Cabe recordar que con la reforma política de 1996 se prefiguró la estructura de un gobierno capitalino propio.

Desde 1928 y hasta 1997, el DF estuvo gobernado por regentes nombrados por el titular del Ejecutivo. A partir de esta fecha se reconoció la Jefatura de Gobierno, cuyo primer jefe de gobierno fue electo de forma democrática, en votación universal, secreta y directa en 1997. Fue hasta el 2000 cuando los capitalinos eligieron por primera vez a los jefes delegacionales y diputados locales.

Granados menciona que hoy es necesario para la capital del país tener atribuciones legislativas en todas las materias para la designación de servidores públicos, participar en el Sistema Nacional de Coordinación Fiscal y acceder a programas que están asignados a estados y municipios.

Hay una falta de impulso político para lograr estos acuerdos y hoy es el momento de darle un cause distinto.

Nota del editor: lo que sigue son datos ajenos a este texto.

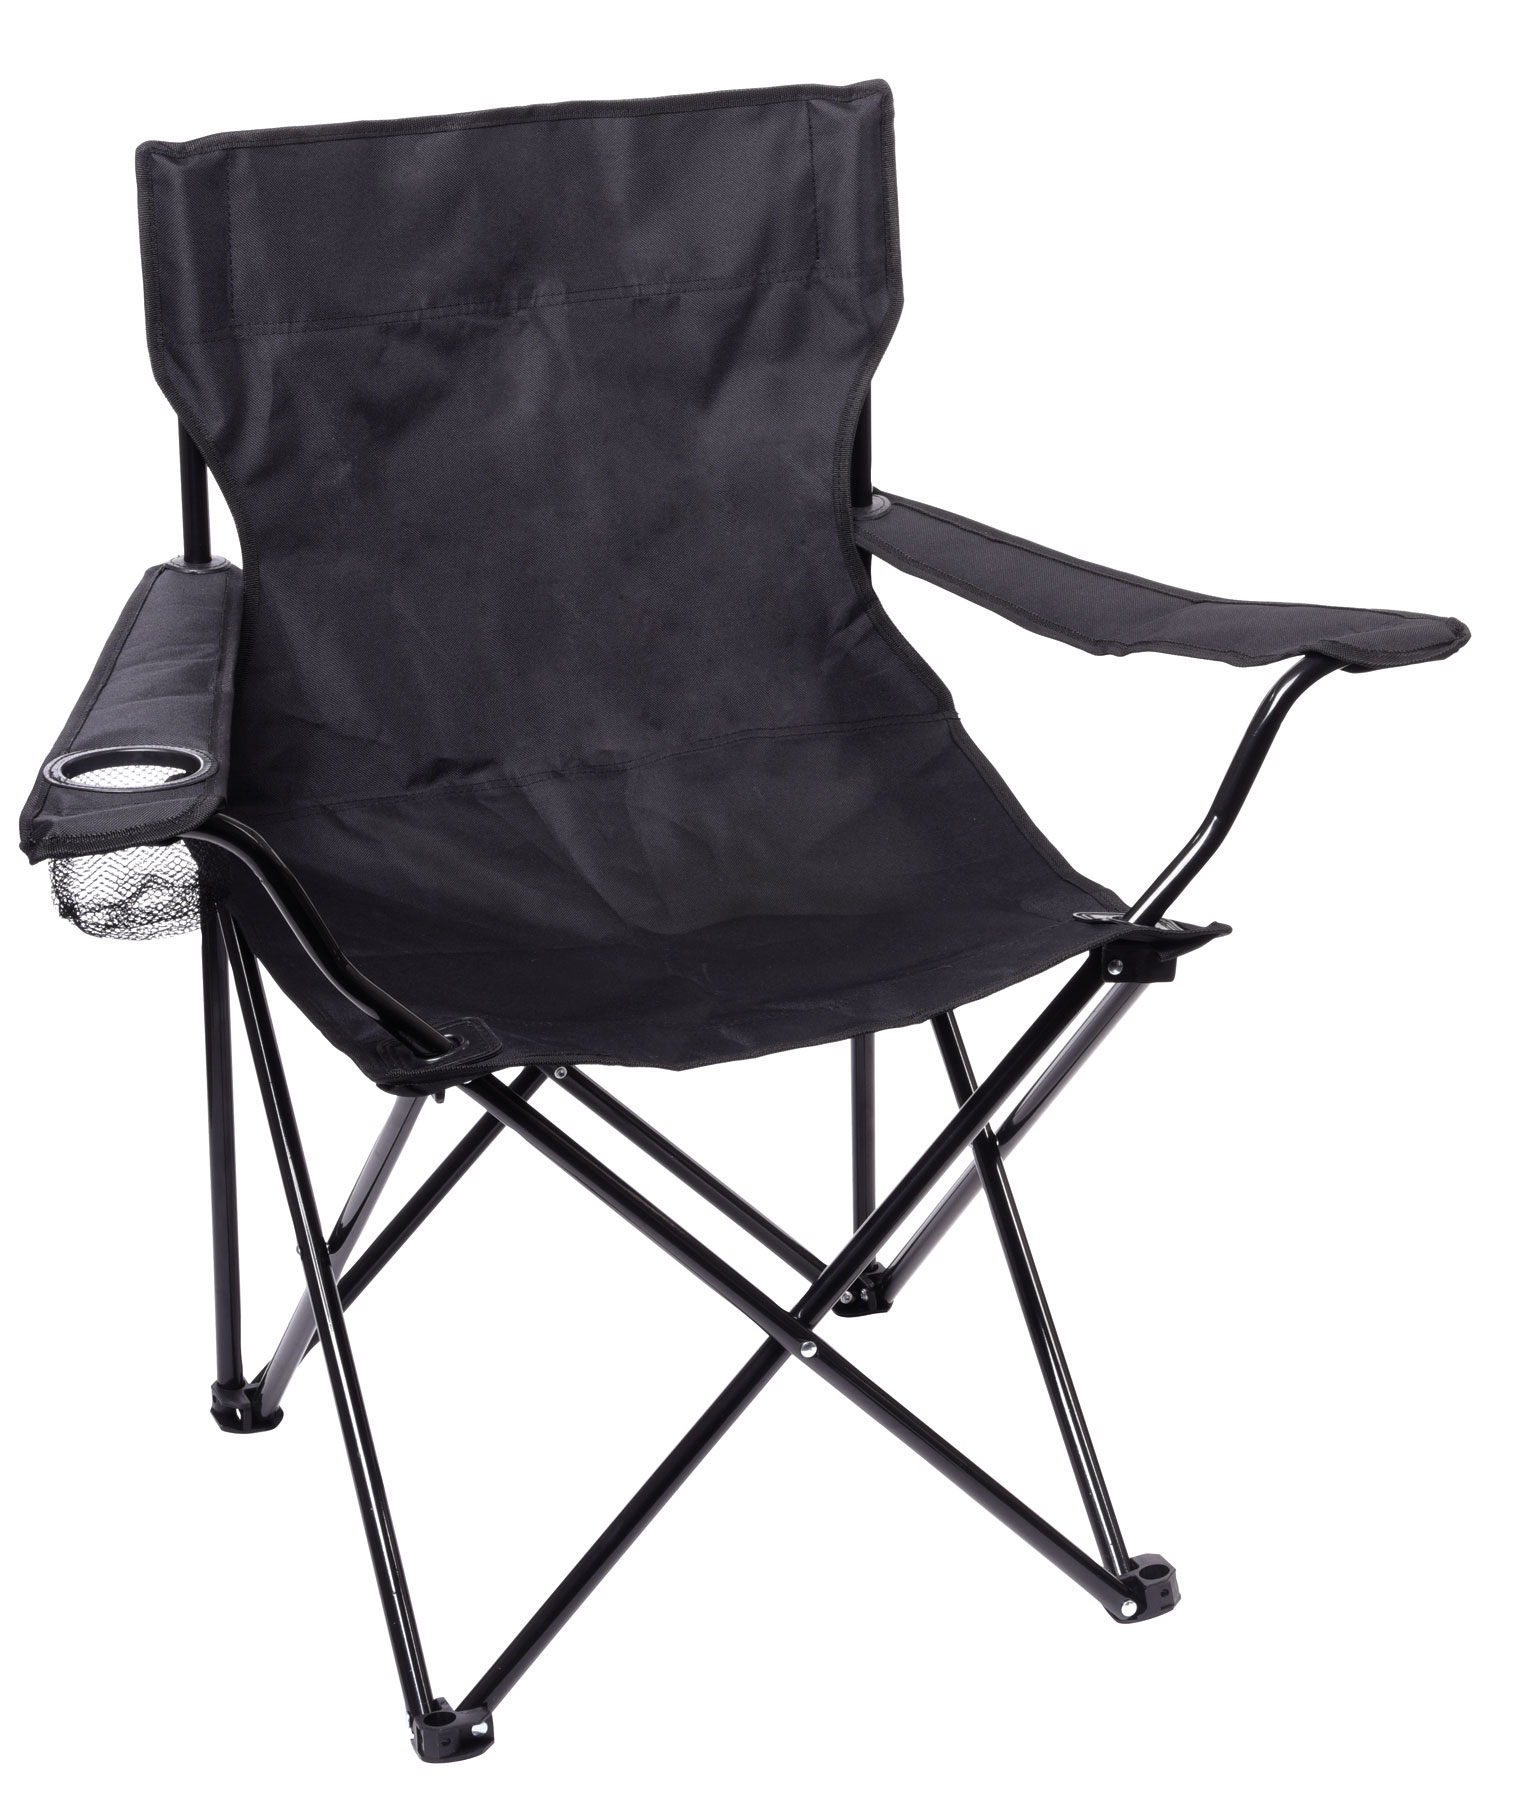 Beach and camping chair SUNNY DAY - black

En la Asamblea hay un consenso de todos los partidos políticos en el tema para construir esta ruta de transformación .

El legislador perredista urgió una reforma política integral con carácter metropolitano, con el fin de homologar diversas normas, sobre todo de tipo penal, ya que una entidad una acción podría ser catalogada como una falta administrativa y en otra será un delito, o variará el tipo de penalidad, lo que a su opinión, hace imposible un combate integral a la delincuencia.

En tanto, el abogado Alberto Woolrich coincide en que esta reforma es indispensable; sin embargo, advierte que si no se crea una constitución local propia esa reforma va a ser inaceptable. Ojalá se concrete y no se quede como una promesa de campaña .

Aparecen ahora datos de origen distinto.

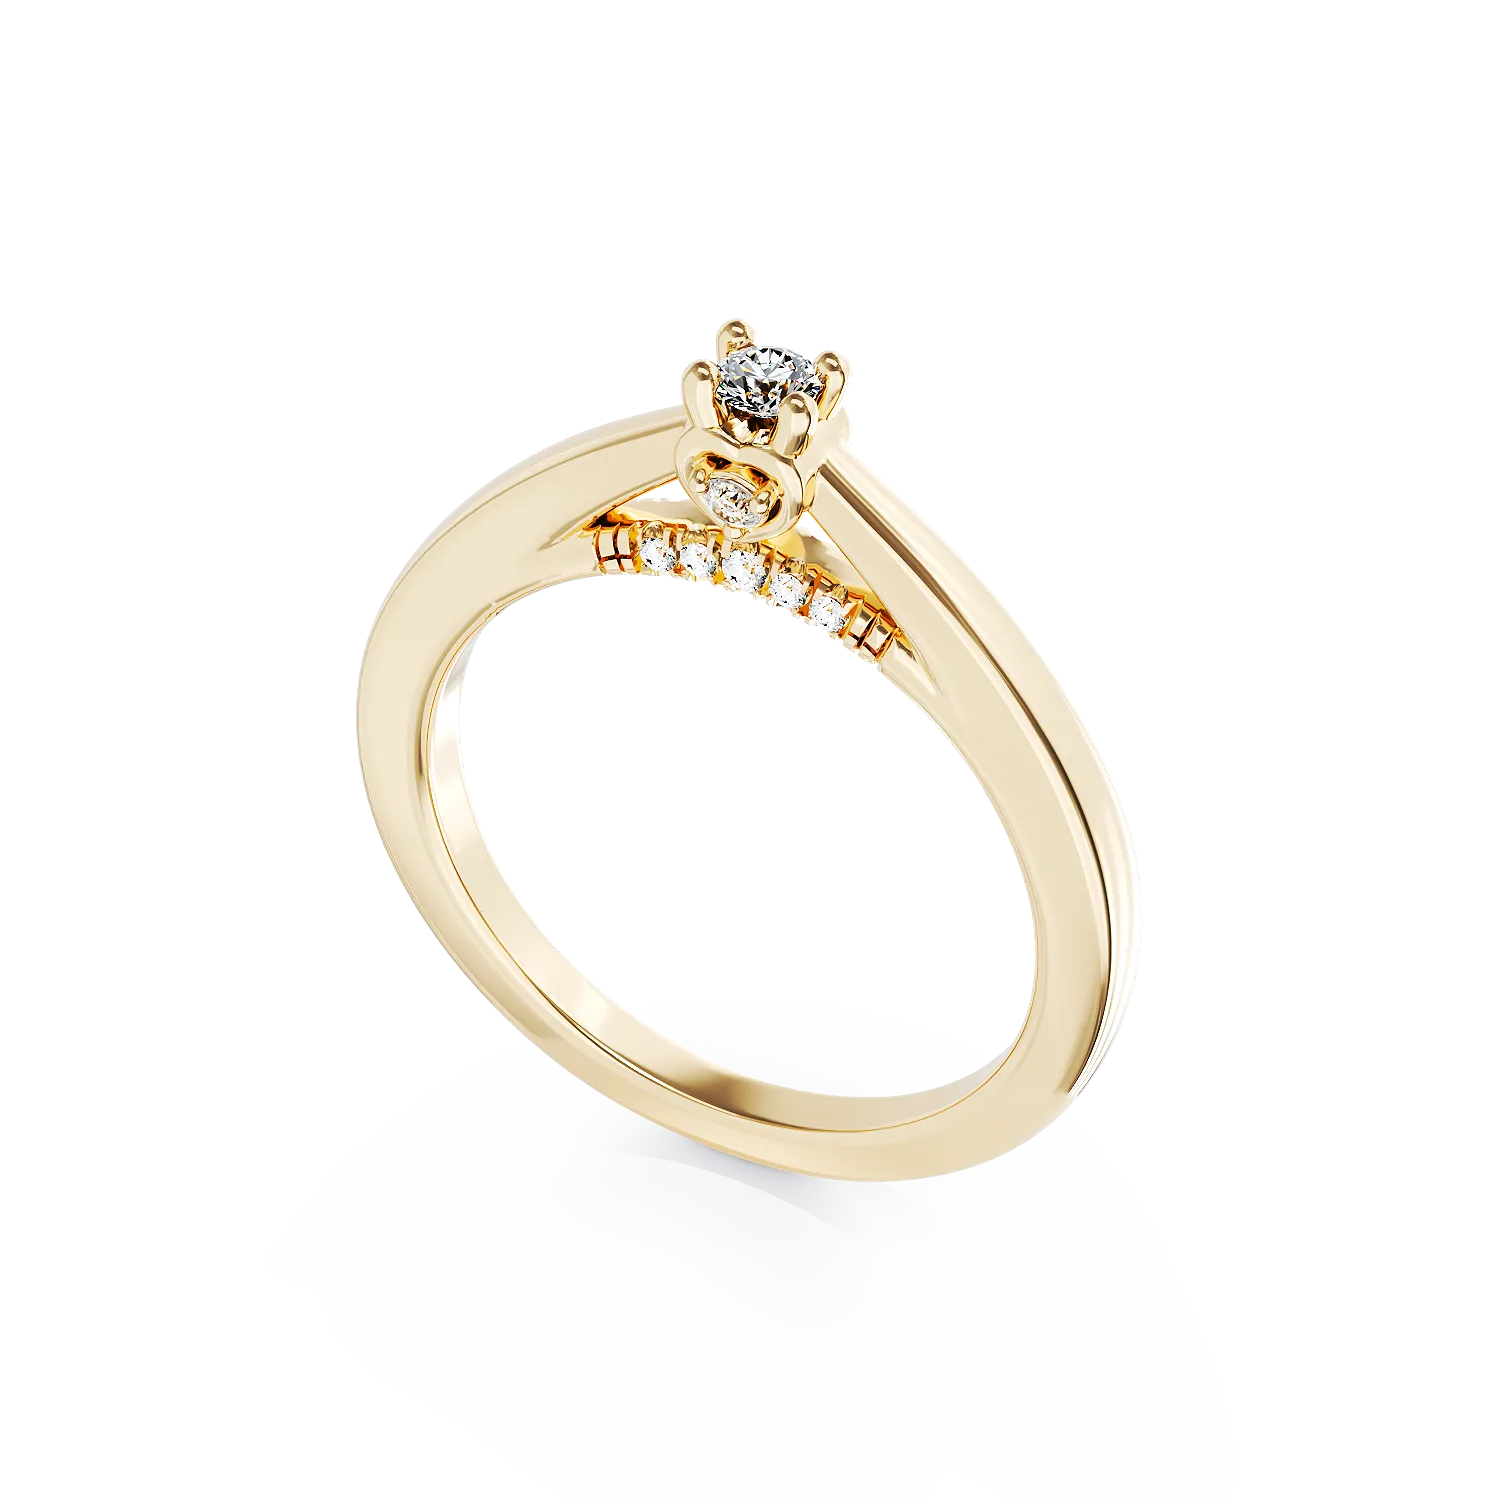 18K yellow gold engagement ring with 0.12ct diamond and 0.05ct diamonds

Para la exasambleísta y exdelegada en Miguel Hidalgo, Margarita González, quien escribió el libro Distrito Federal, una reforma inconclusa, comenta que ha habido avances, ya que a partir del 2000 los capitalinos eligieron por primera vez a los jefes delegacionales y diputados locales, aunque -aclaró- se requiere un nuevo régimen jurídico y armónico con el resto de la República, con una capitalidad más funcional y ciudadanos con derechos plenos en todos los ámbitos. El acceso a mayores recursos y a todos los fondos federales, así como decidir en cuanto a su deuda.

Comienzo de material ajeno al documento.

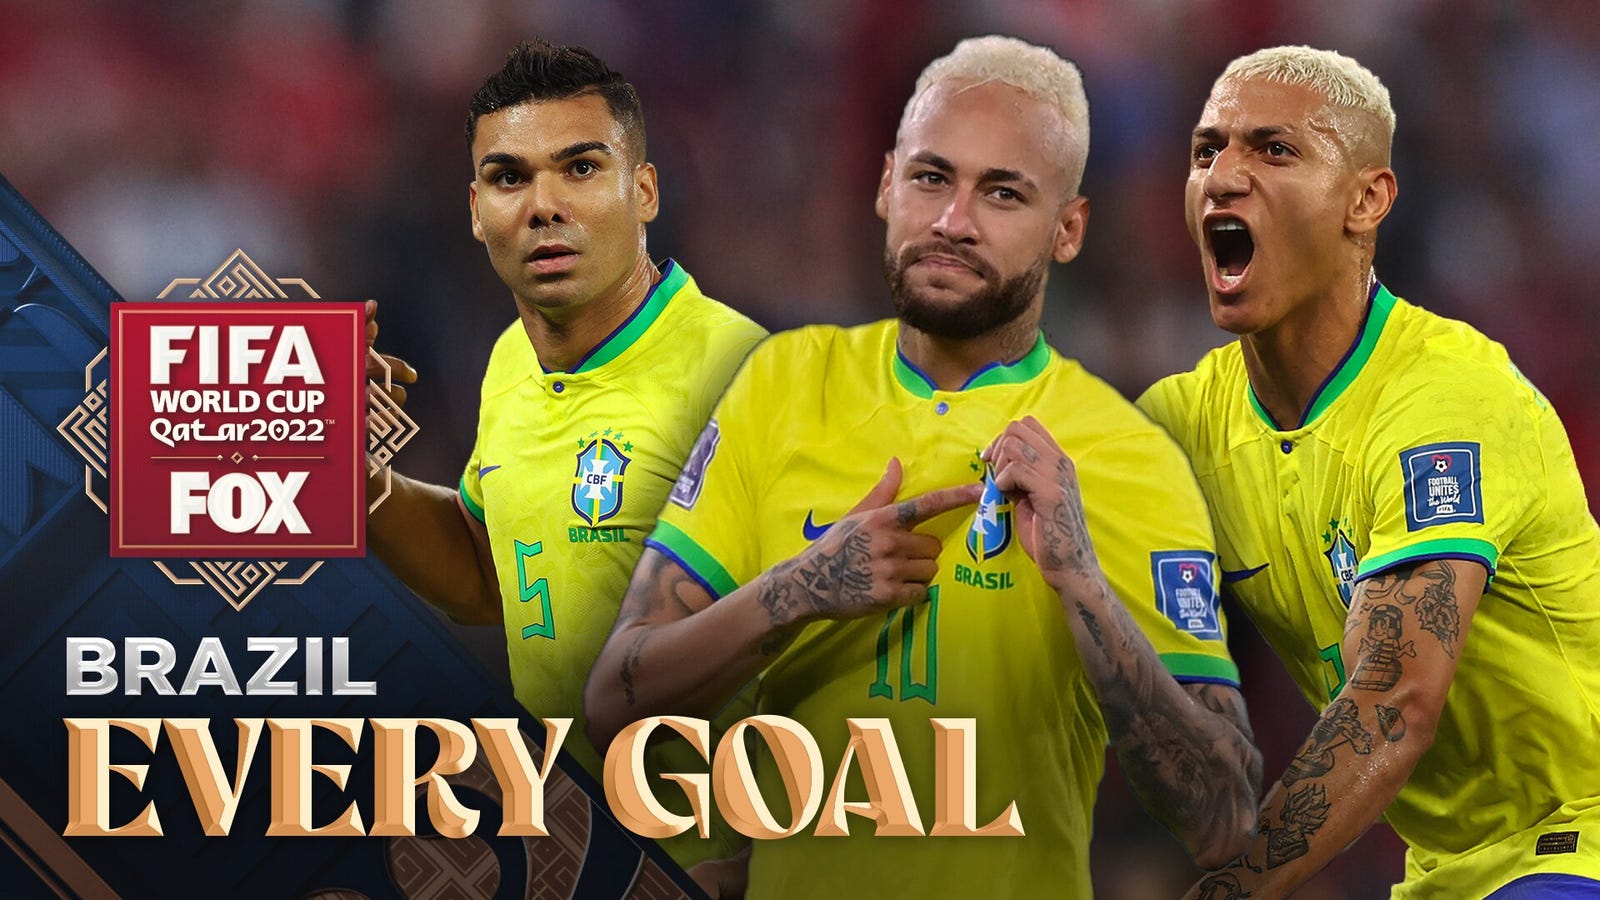 Neymar, Richarlison, Casemiro and every goal by Brazil in the 2022 FIFA World Cup

En tanto, el secretario de la Comisión del Distrito Federal en la Cámara de Diputados, Fernando Rodríguez Doval, advierte que el PAN sólo apoyará aquella propuesta que contenga un fortalecimiento a las delegaciones y modifique la integración y facultades de la Asamblea Legislativa.

Las delegaciones también requieren de mayor autonomía financiera y presupuestal, más atribuciones y capacidades legales, y de tener en su interior órganos de representación de todos los partidos políticos, como ocurre en los municipios con los cabildos, y es lo que estaremos reiterando desde Acción Nacional , explica el legislador.

Respecto de la Asamblea, manifiesta que debe ser reconocida como un Congreso local para que pueda participar en los procesos de reforma a la Constitución Política.

Esta reforma política tendrá que ser consecuencia de un amplio ejercicio de consenso entre todos los actores políticos, sociales y económicos de la ciudad de México. Esta ciudad no está escriturada a nombre de ningún partido político, sino que se caracteriza por su pluralidad y Acción Nacional no apoyará ninguna propuesta que no contenga lo anterior , sentenció.